29-08-2017, 09:07 AM
Failure of gear teeth due to fatigue is a common phenomenon. A small reduction in the pulling effort of the root results in an increase in the fatigue life of a gear. For many years the design of the gear has been improved using different materials, hardening gear surfaces with heat treatment and shot blasting to improve the surface finish. Some additional efforts have been made to improve strength and durability by altering the geometry of root fillet curves, altering pressure angles, etc. A finite element model with a three-tooth segment is considered for analysis and the stress relief characteristics of various diameters are introduced into gear teeth. The analysis revealed that the circular feature of stress relief at specific locations is beneficial.
Rectilinear gears are used to transmit the movement and power from one axis to another, especially between two parallel axes and are also used to vary the speed and torque. The cost of replacing the straight gear is very high and also the system downtime is one of the effect in which these gears are part of the system. When the gear is loaded, the high stresses developed at the root of the teeth, these high stresses increase the probabilities of fatigue failure at the root of the teeth of the straight gear. The goal of this research is to reduce the stress of the root steak to increase the fatigue life of the straight gear. This article presents techniques for reducing root stress in the straight gear by introducing the stress relief features in the stress zone. Three straight gear teeth are taken for study. Using the maximum Lewis equation, the main stress is calculated by applying the load to the tip of the tooth. In the same way the straight gear in the ANSYS software for the maximum main voltage is analyzed. In comparison, it is found that both results are above 900 closed. The maximum principal tension in the spherical gear root fillet calculated in ANSYS is 10% less than the theoretical result. When considering the maximum main voltage in ANSYS as a base, an additional work is done in ANSYS. The circular tension relief features are used in various locations on straight gears to reduce maximum main tension. Main stress reduction increases the fatigue life of the straight gear.
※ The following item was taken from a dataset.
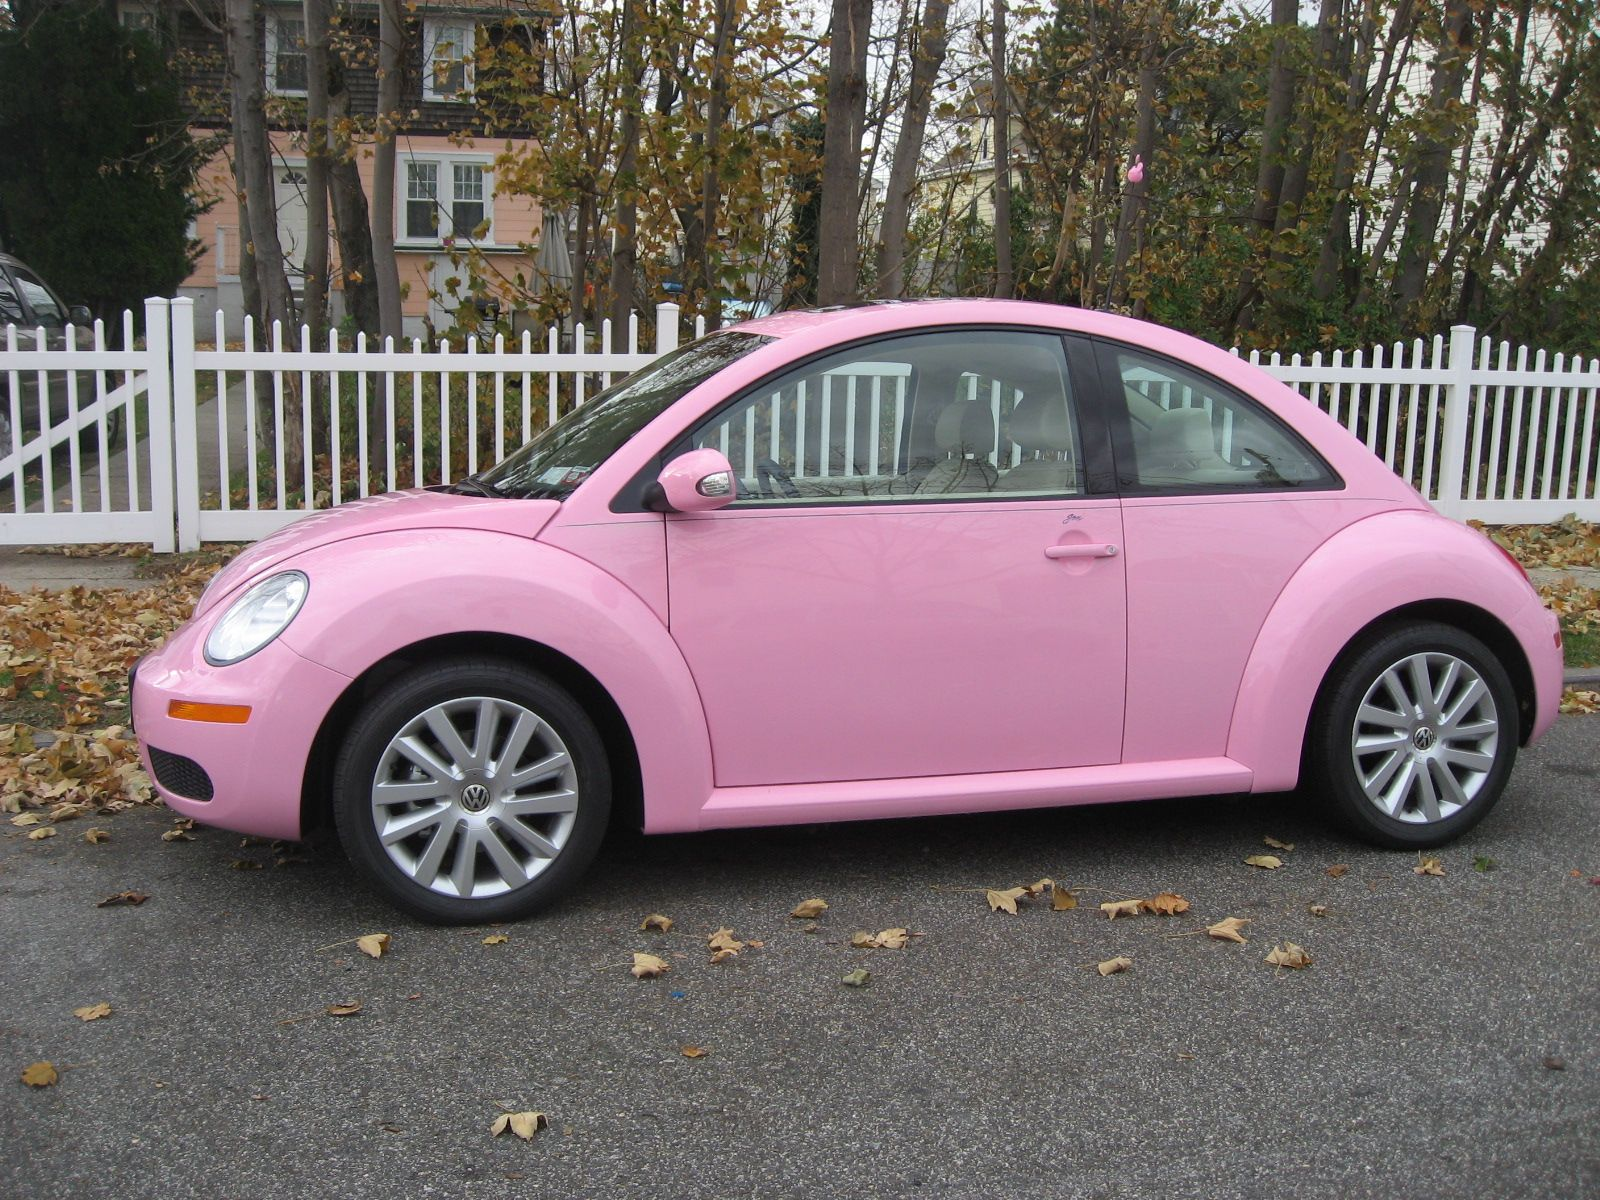 wallpaper eyelashes beetle volkswagen pink with

Rectilinear gears are used to transmit the movement and power from one axis to another, especially between two parallel axes and are also used to vary the speed and torque. The cost of replacing the straight gear is very high and also the system downtime is one of the effect in which these gears are part of the system. When the gear is loaded, the high stresses developed at the root of the teeth, these high stresses increase the probabilities of fatigue failure at the root of the teeth of the straight gear. The goal of this research is to reduce the stress of the root steak to increase the fatigue life of the straight gear. This article presents techniques for reducing root stress in the straight gear by introducing the stress relief features in the stress zone. Three straight gear teeth are taken for study. Using the maximum Lewis equation, the main stress is calculated by applying the load to the tip of the tooth. In the same way the straight gear in the ANSYS software for the maximum main voltage is analyzed. In comparison, it is found that both results are above 900 closed. The maximum principal tension in the spherical gear root fillet calculated in ANSYS is 10% less than the theoretical result. When considering the maximum main voltage in ANSYS as a base, an additional work is done in ANSYS. The circular tension relief features are used in various locations on straight gears to reduce maximum main tension. Main stress reduction increases the fatigue life of the straight gear.